Глава XII. «Свин-сутенер»
«Через обратного шпиона ты будешь знать все. И поэтому сможешь приобрести и местных шпионов, и внутренних шпионов и пользоваться ими. И поэтому сможешь, придумав какой-нибудь обман, поручить своему шпиону смерти ввести противника в заблуждение. И поэтому сможешь заставить своего шпиона жизни действовать согласно твоим предположениям».
Сунь Цзы. Глава XIII. Использование шпионов
Время: 2008 год
Место: Гуанчжоу – Шанхай
Я прилетел в Гуанчжоу.
Первым делом я урезал зарплаты половине сотрудников, с которыми надлежало расстаться. Несколько человек после этого в течение пары недель ушли сами. А дальше – грянул мировой финансовый кризис. Мне нередко казалось, что я родился под счастливой звездой, и кризис в очередной раз подтвердил это. Теперь не нужно было высасывать причины из пальца, достаточно было все валить на ситуацию и с грустью в глазах и голосе, зачастую искренней, избавляться от людей, среди которых были весьма толковые сотрудники. Естественный отбор.
Люди стали уходить каждый день, иногда даже по два-три человека. Кто-то уходил спокойно, понимая и принимая сложность момента, кто-то показывал зубы, пугая и шантажируя. Некоторые кричали, что обеспечат компании «славу» на долгие годы вперед, доведя до общественности, какая я свинья. Мало кто из них знал, что такое общественность в Китае. Я же за годы, проведенные в Поднебесной, понимал: среди русской колонии здесь единства нет. Никто никому не помогал, каждый играл за себя. Те, кто обращался за поддержкой в консульства, ничего, кроме слов сожаления, не получали – трудовыми спорами там не занимаются. А уповать на общественность, посещавшую так называемые «русские клубы» – попойки средней массовости, – было глупо.

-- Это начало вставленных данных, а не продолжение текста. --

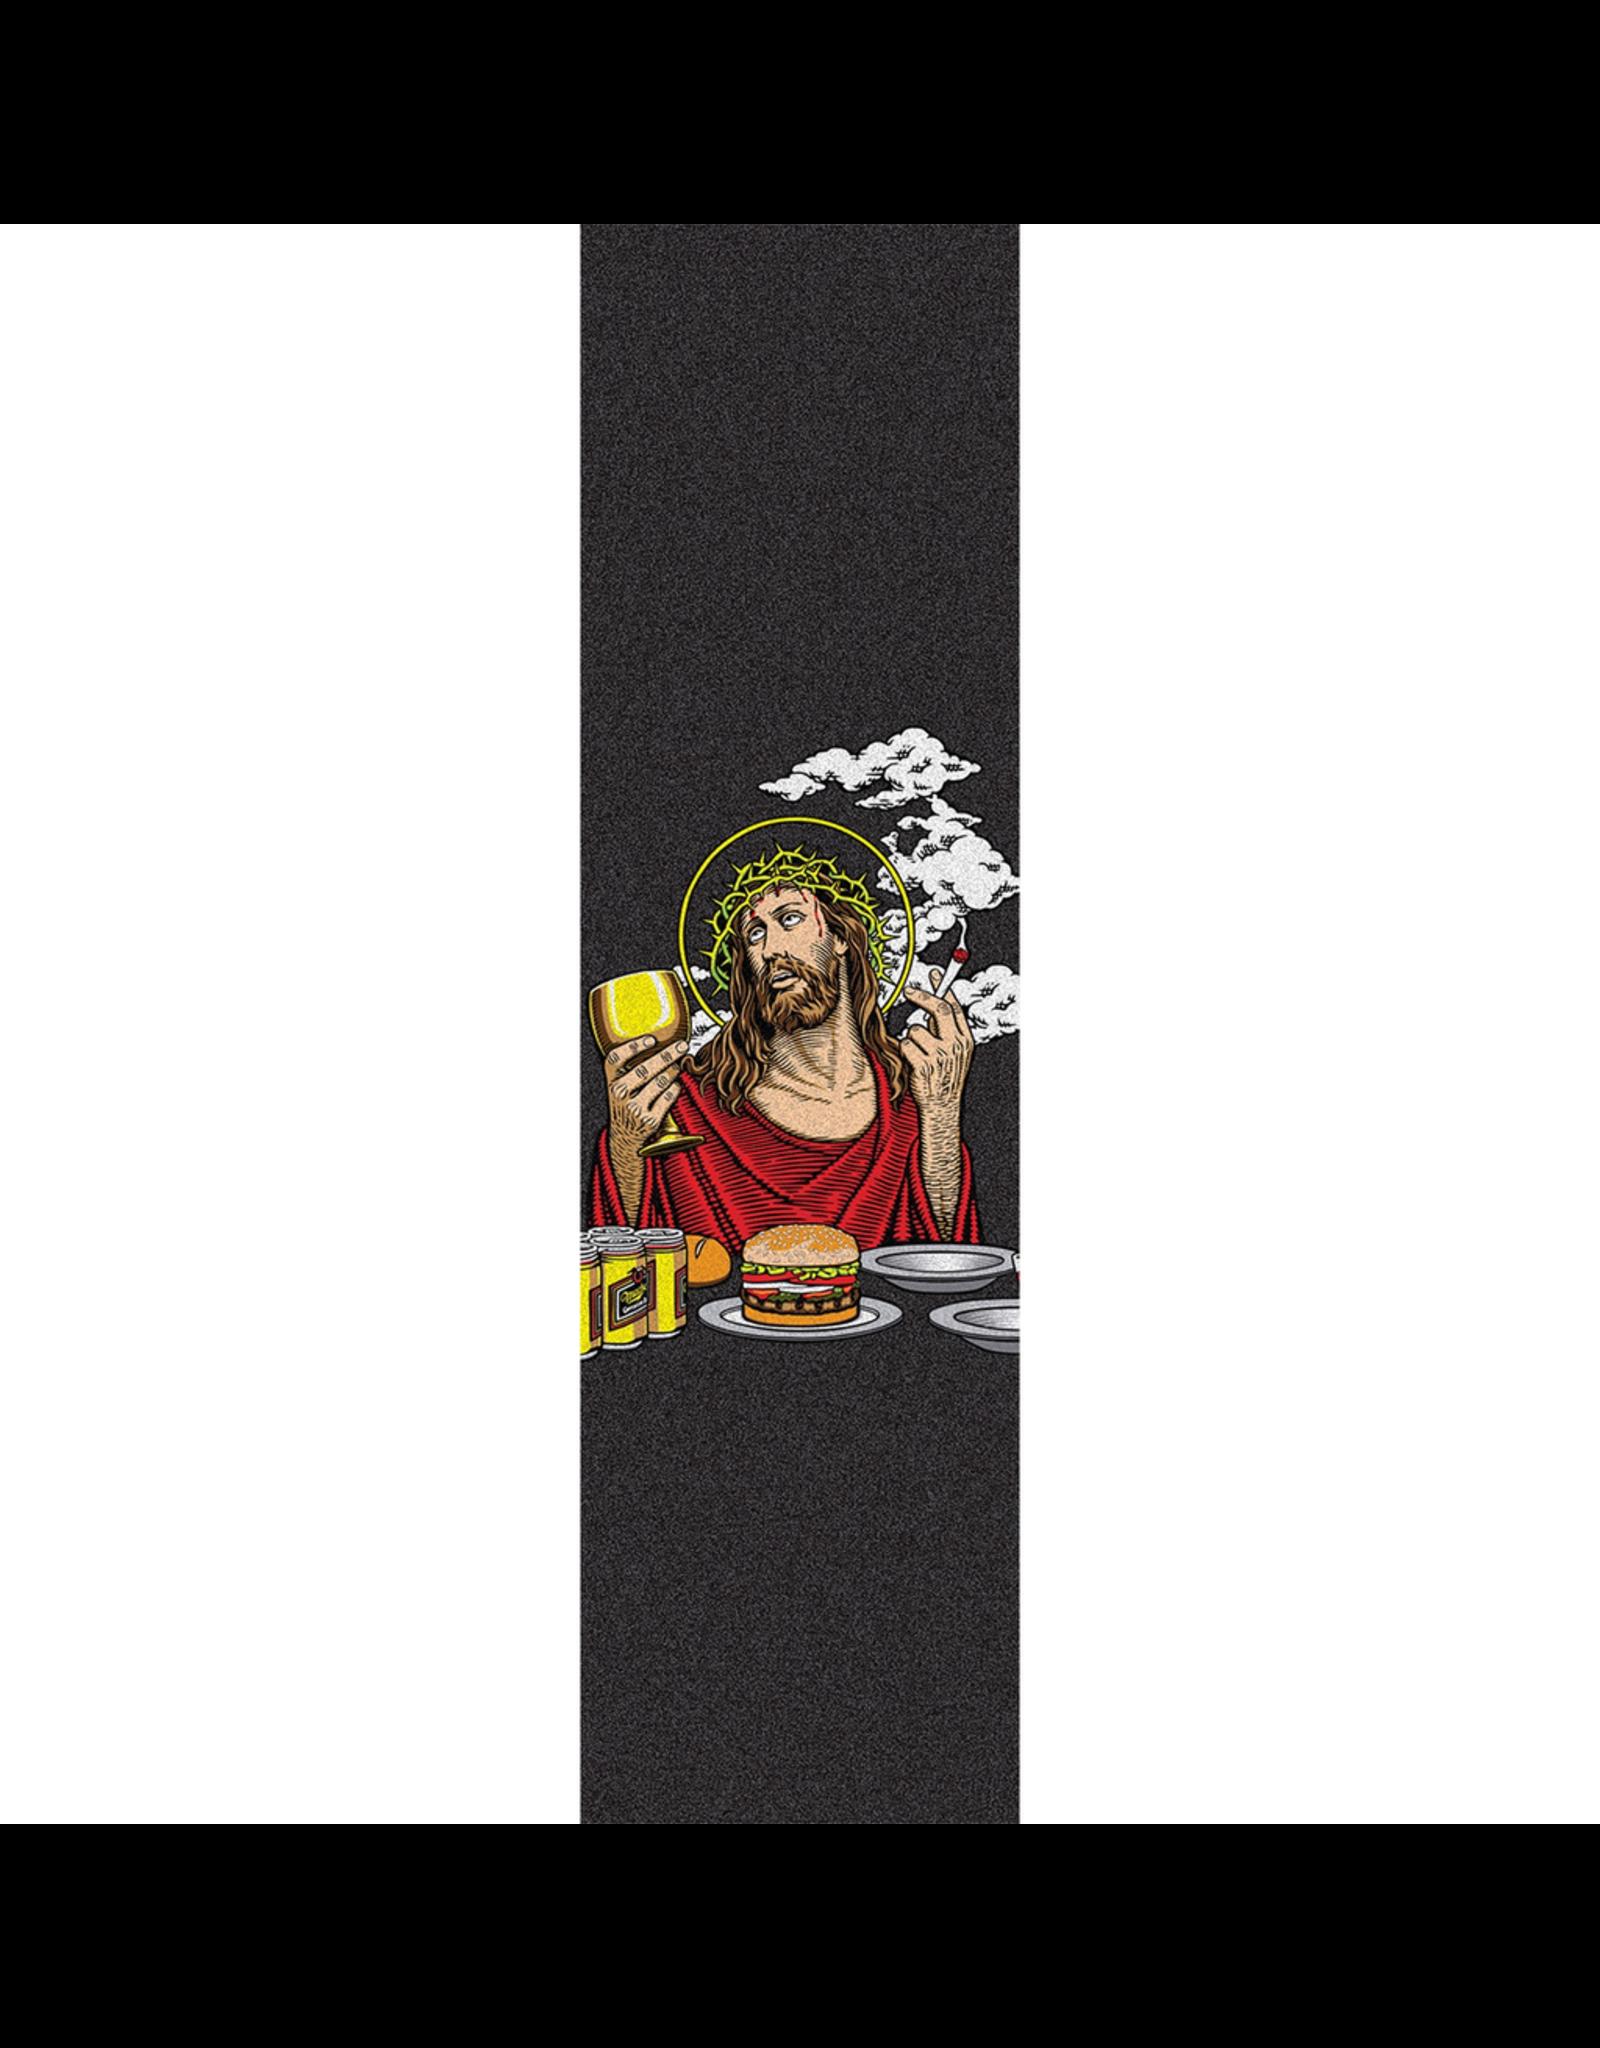 BLIND BLIND SKATEBOARDS SMOKING JESUS GRIP SHEET (9X33)

Гостями этих сборищ становились, как правило, те, кого душила тоска по России и оставленным там близким, а вид китайцев уже приводил в остервенение. Нормальные люди эти скучные мероприятия обходили стороной. Для многих на фоне однообразия и скуки эти посиделки были единственным развлечением недели. Свою тоску они топили в гигантских кружках не всегда свежего, но холодного пива. Если, живя в России, люди еще хоть как-то держали свое поведение в рамках приличия и культуры, то, приезжая в Китай, переставали стесняться, демонстрируя жуткую распущенность нравов, неприемлемых даже на Родине.

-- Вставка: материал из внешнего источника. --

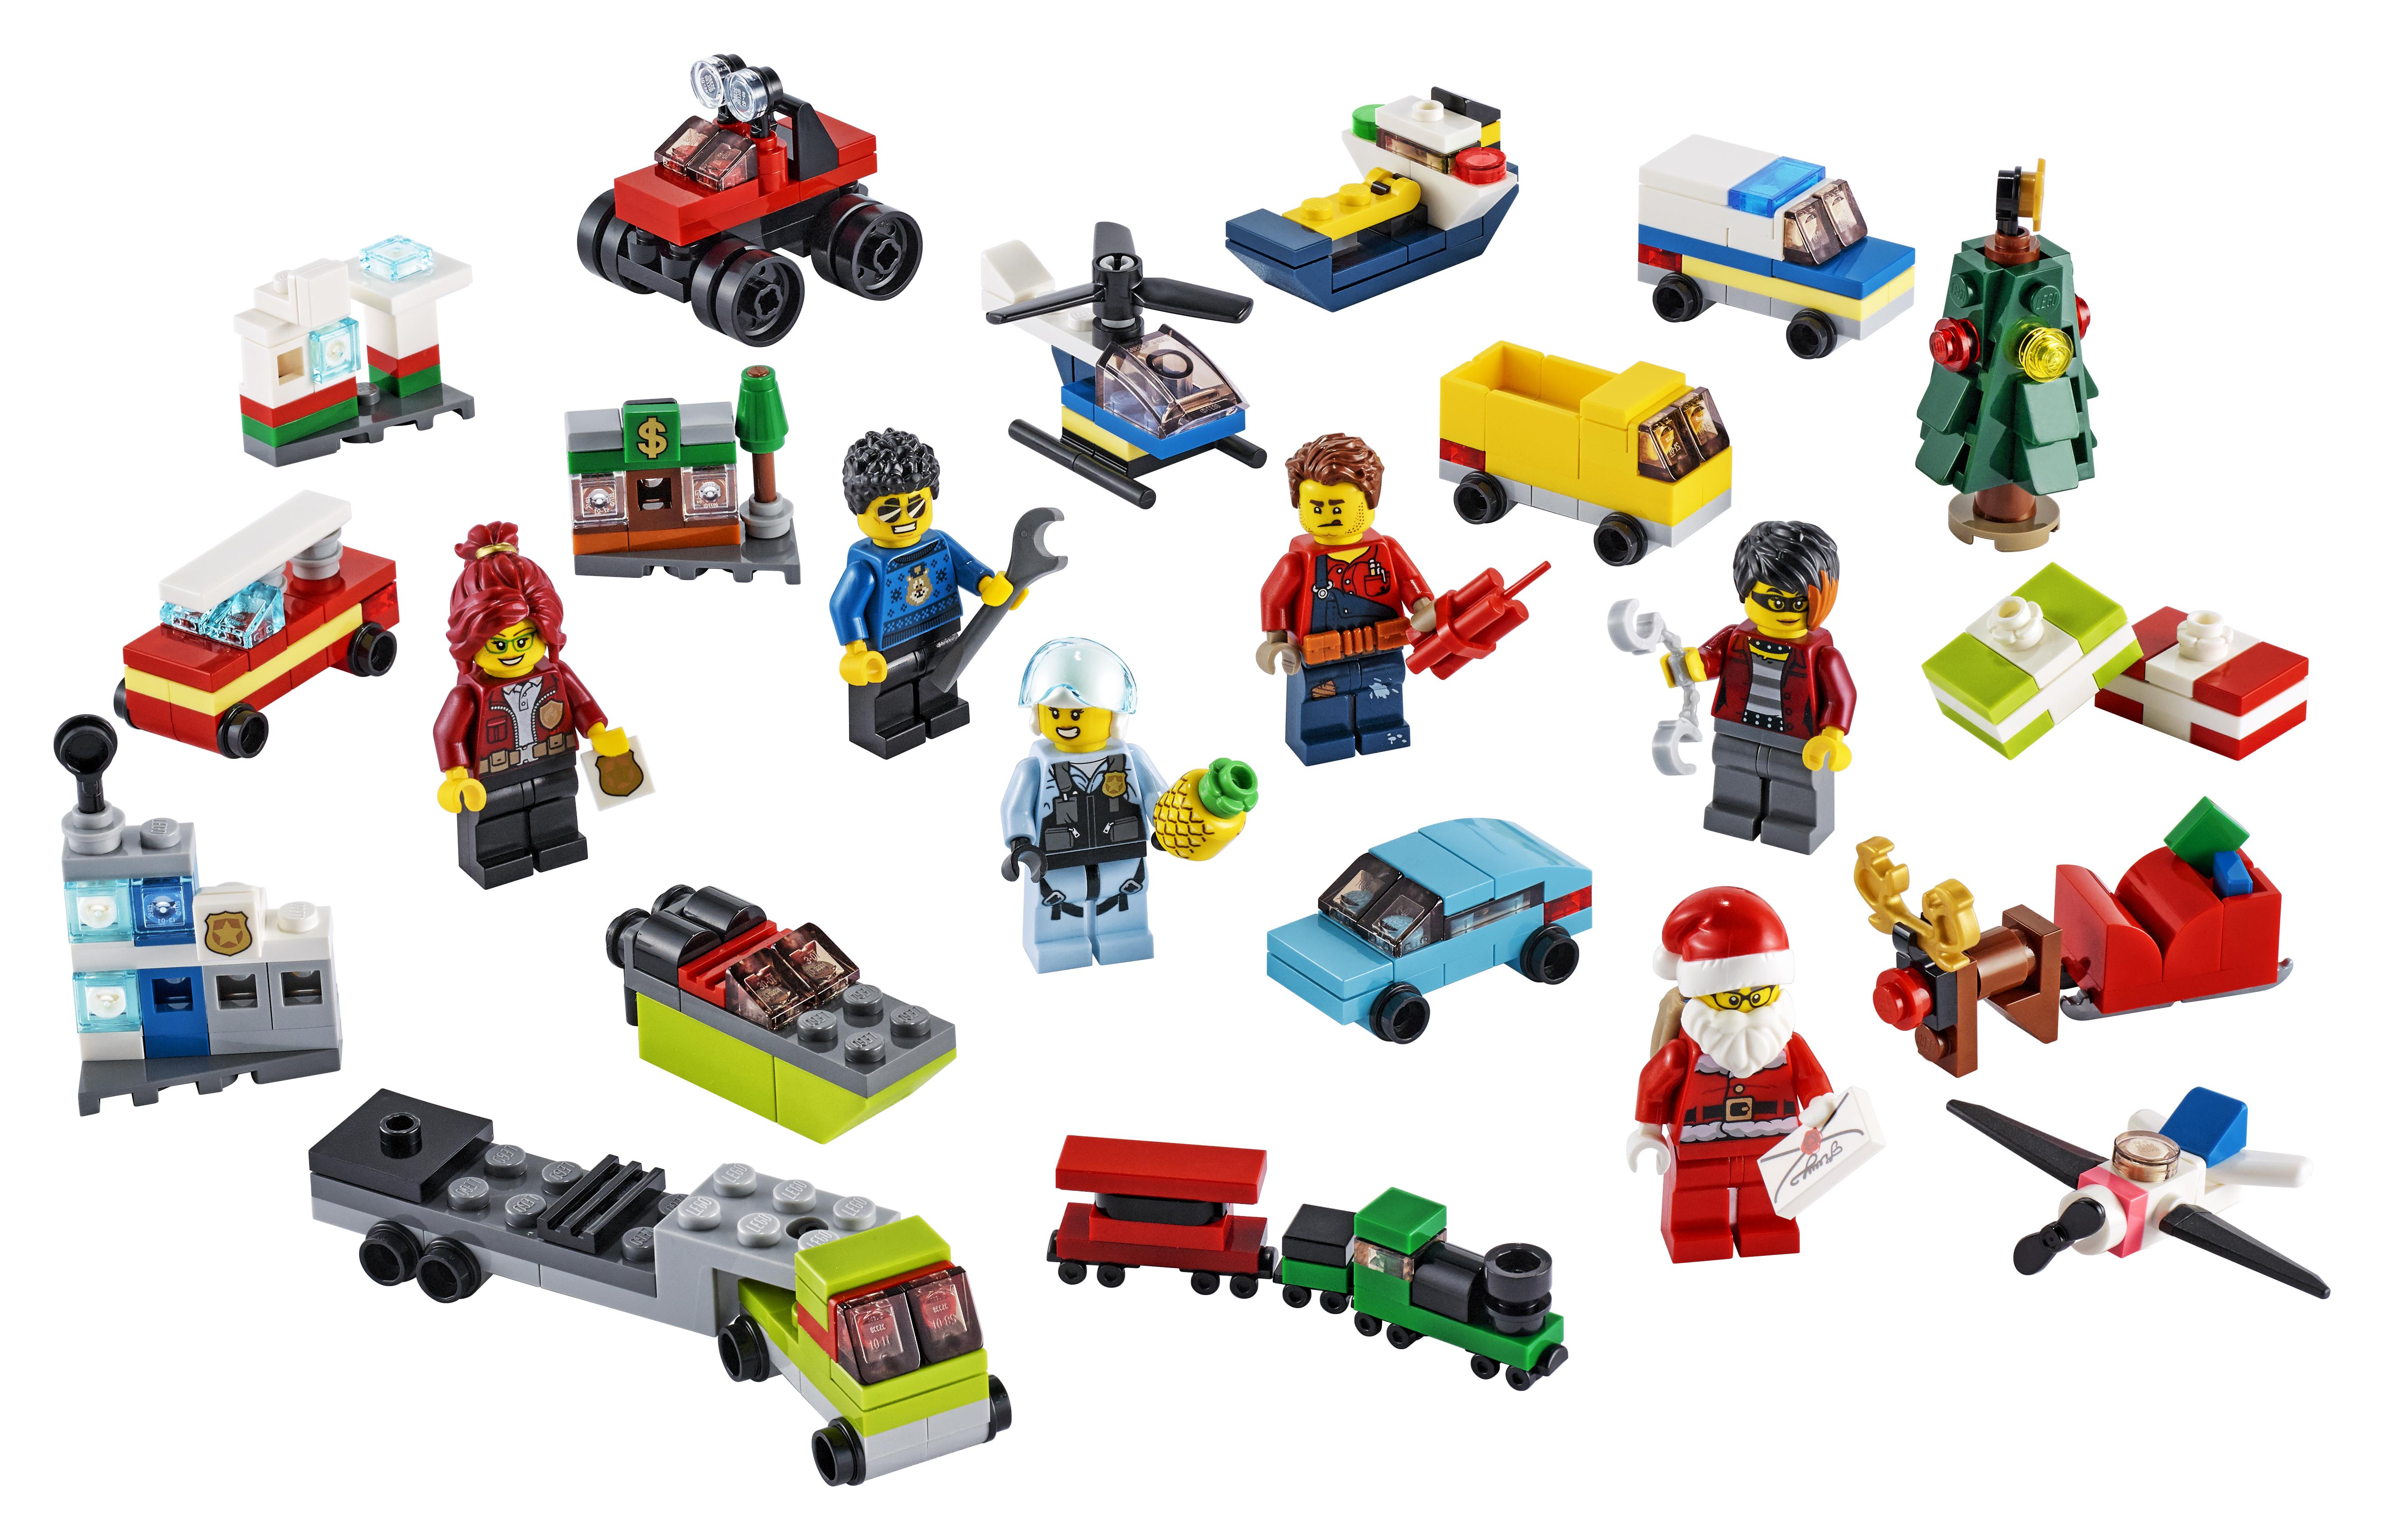 LEGO City Advendikalender 60268, 2020 aasta kalender

Я отлично справился с заданием Центра: через три месяца моя компания была на грани разорения. Мы потеряли треть клиентов и существенную долю доходов. Ситуация на глазах превращалась в катастрофическую, но выручил Минин. Компания «Викола», которую он нам посватал в качестве клиента, оказалась мощным игроком на рынке. Их заказы вмиг перекрыли все наши убытки. Как мы и договаривались, всю работу по этой компании я курировал лично, распределяя оперативные дела между наиболее опытными менеджерами.
В один из дней я получил сообщение, подписанное Николаем Арсеньевым. Это был псевдоним Минина. В письме он сообщал, что источником добывания информации по проекту «Atlaua» должен стать молодой китайский ученый Синь Фэньгуан. То, с помощью чего я смогу его завербовать, должно было прийти ко мне в течение недели по внутренней почте Китая. Получателем должен был стоять генеральный директор. Ежедневно мы получали массу конвертов, но корреспонденцию, адресованную руководителю, разумеется, никто, кроме меня, не вскрывал.
Получив долгожданный конверт, я не стал распечатывать его сразу, ожидая, когда мои сотрудники покинут офис после окончания рабочего дня. Около одиннадцати вечера я надел перчатки из тонкого целлофана и вскрыл конверт. Внутри был отчет о каком-то эксперименте на китайском языке – всего сорок одна страница формата А4. Внимательно изучив содержимое конверта, я понял, что это было описание одного из этапов секретного исследования, проводимого в шанхайском НИИ. В правом верхнем углу каждой страницы стояла небольшая печать на китайском языке: «Секретно: для внутреннего пользования». Номера страниц были проставлены вручную.
Отдельно лежало краткое досье на Синь Фэньгуана, кандидата химических наук. На основе полученных данных мне и предстояло завербовать китайца. И хотя на операцию выделялось около двухсот тысяч долларов, задача, стоящая передо мной, была поистине непростой…
* * *
Я сел перед телевизором, поставил на столик бутылку «Hennessey Paradise». В моей квартире было мало места, она была обставлена дешевой мебелью из IKEA и походила на комнату в студенческом общежитии. Я вспомнил о том, как ночевал в общежитии Тимирязевки в последние разы: это были дни, когда мы встречались с Красновым, дни, когда я просыпался с Катей…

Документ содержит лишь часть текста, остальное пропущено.